Data extract:
┌──

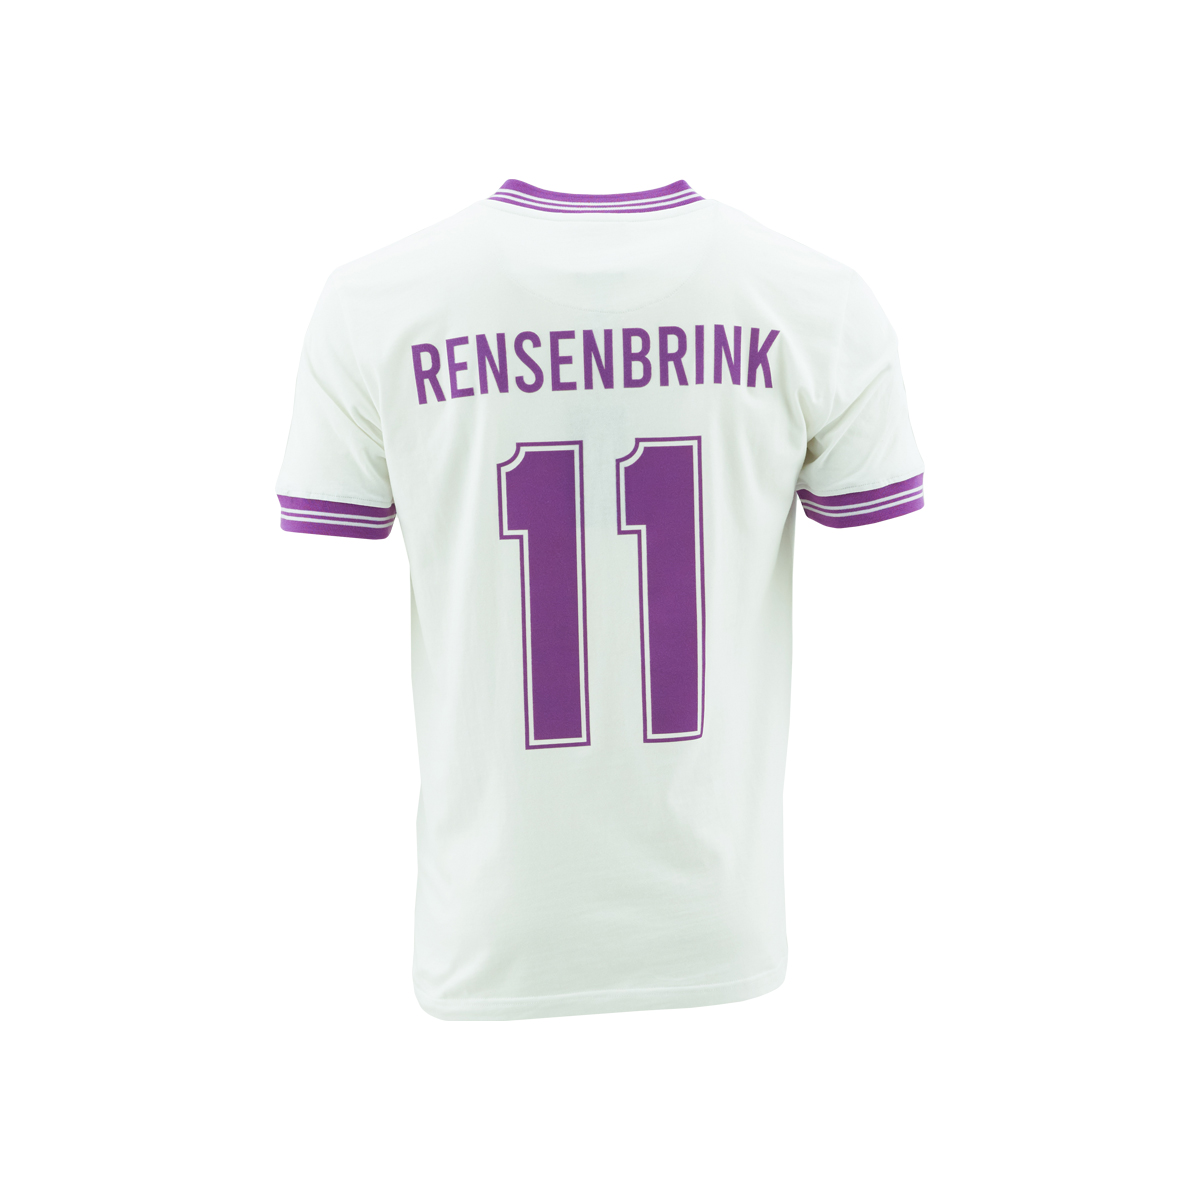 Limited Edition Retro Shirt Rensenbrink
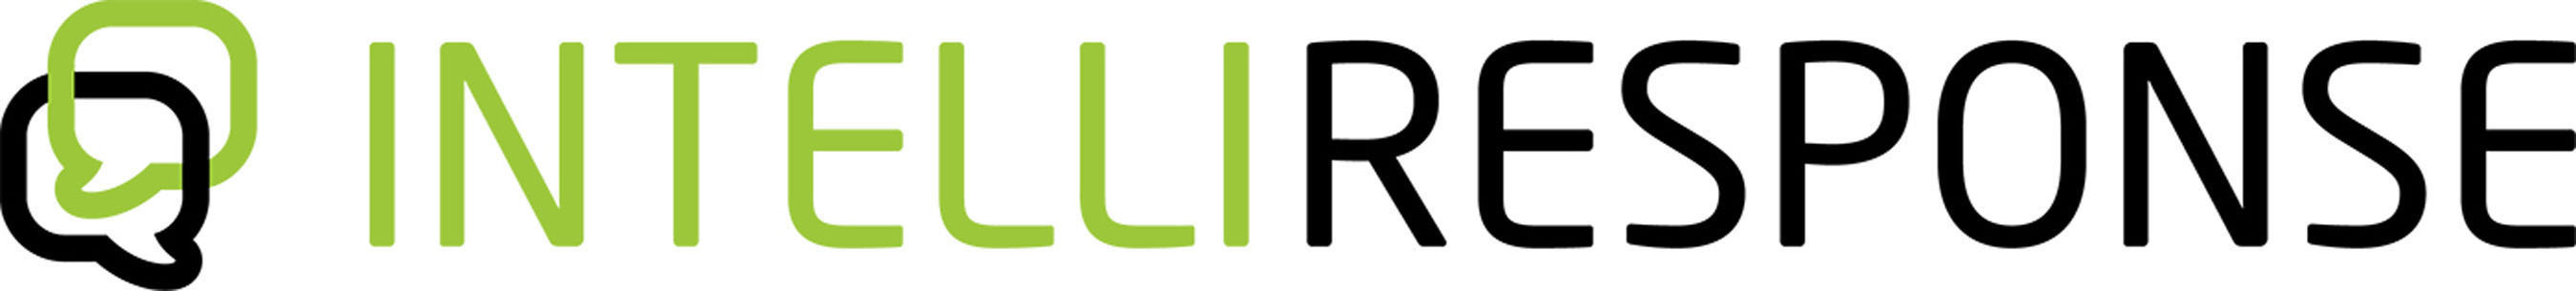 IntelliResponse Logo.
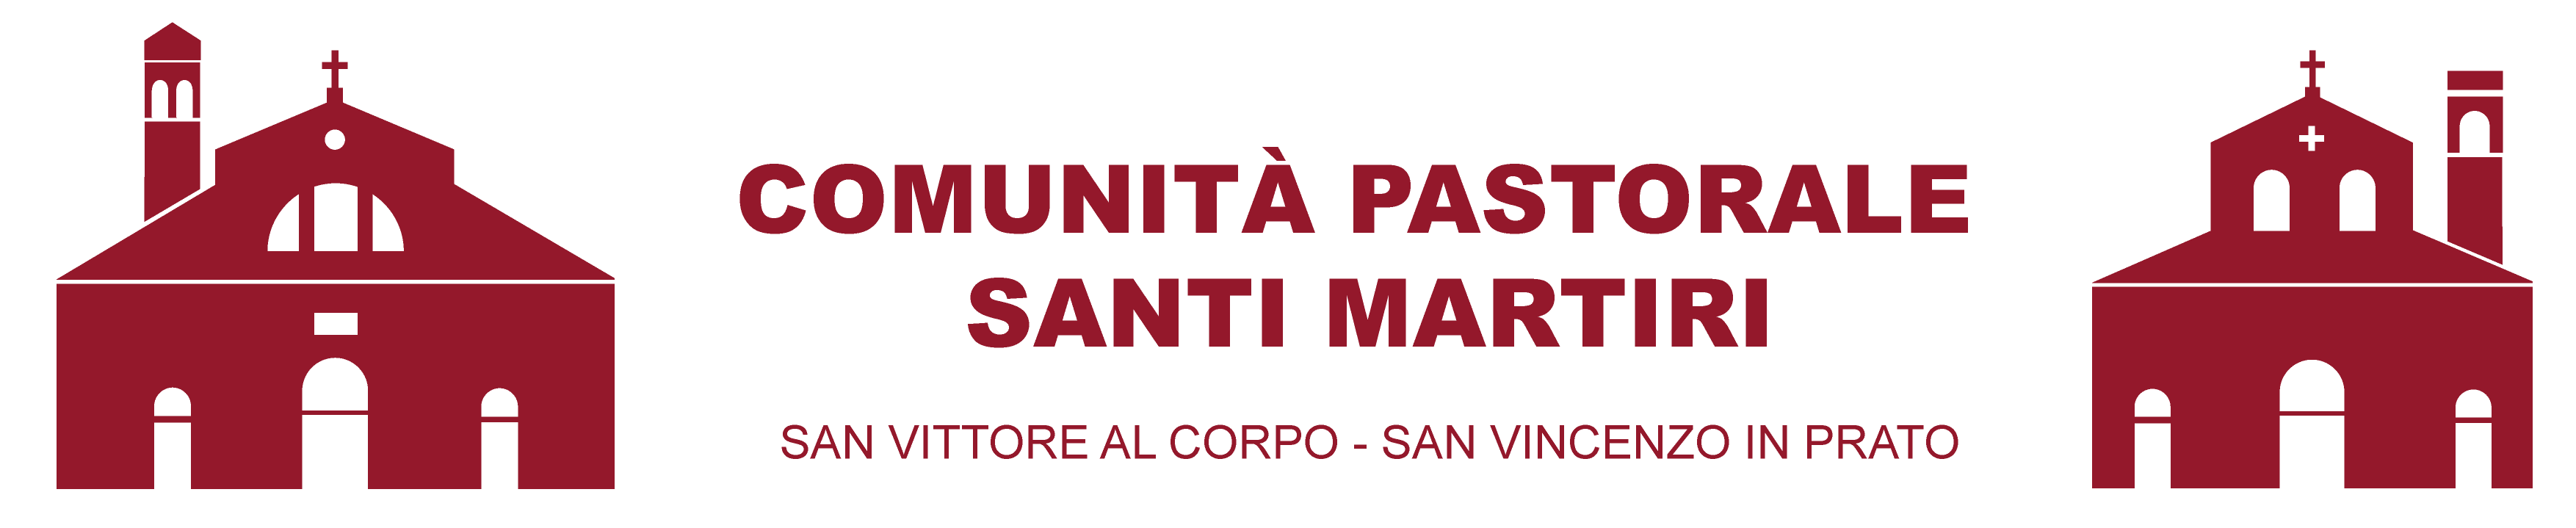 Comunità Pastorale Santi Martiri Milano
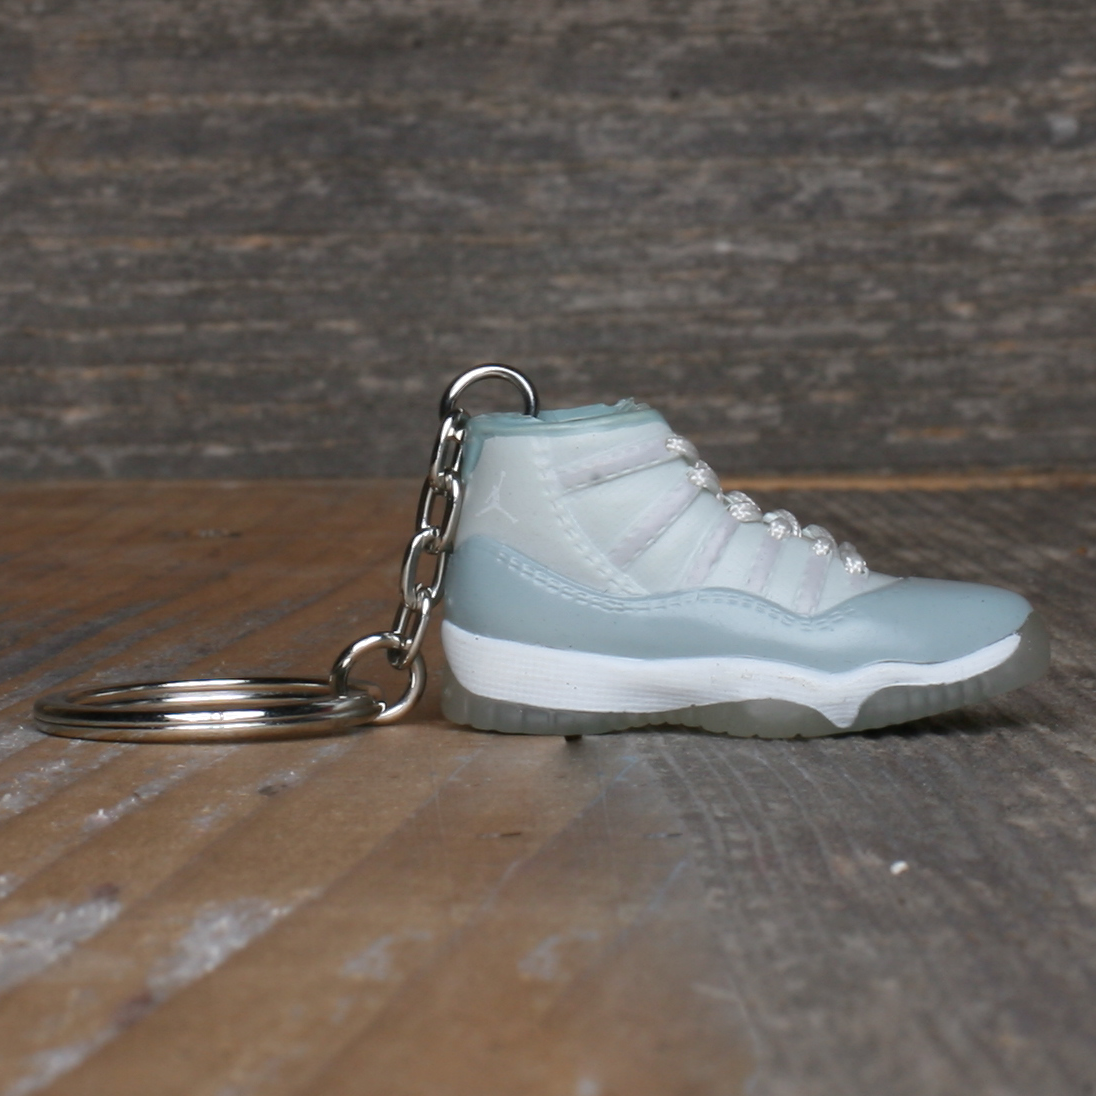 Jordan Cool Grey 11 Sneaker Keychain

└──

What you need to do:
Would you print the whole listing exactly, omitting the pictures?

Result of this exercise:
 Limited Edition Retro Shirt Rensenbrink
 IntelliResponse Logo.
 Comunità Pastorale Santi Martiri Milano
 Jordan Cool Grey 11 Sneaker Keychain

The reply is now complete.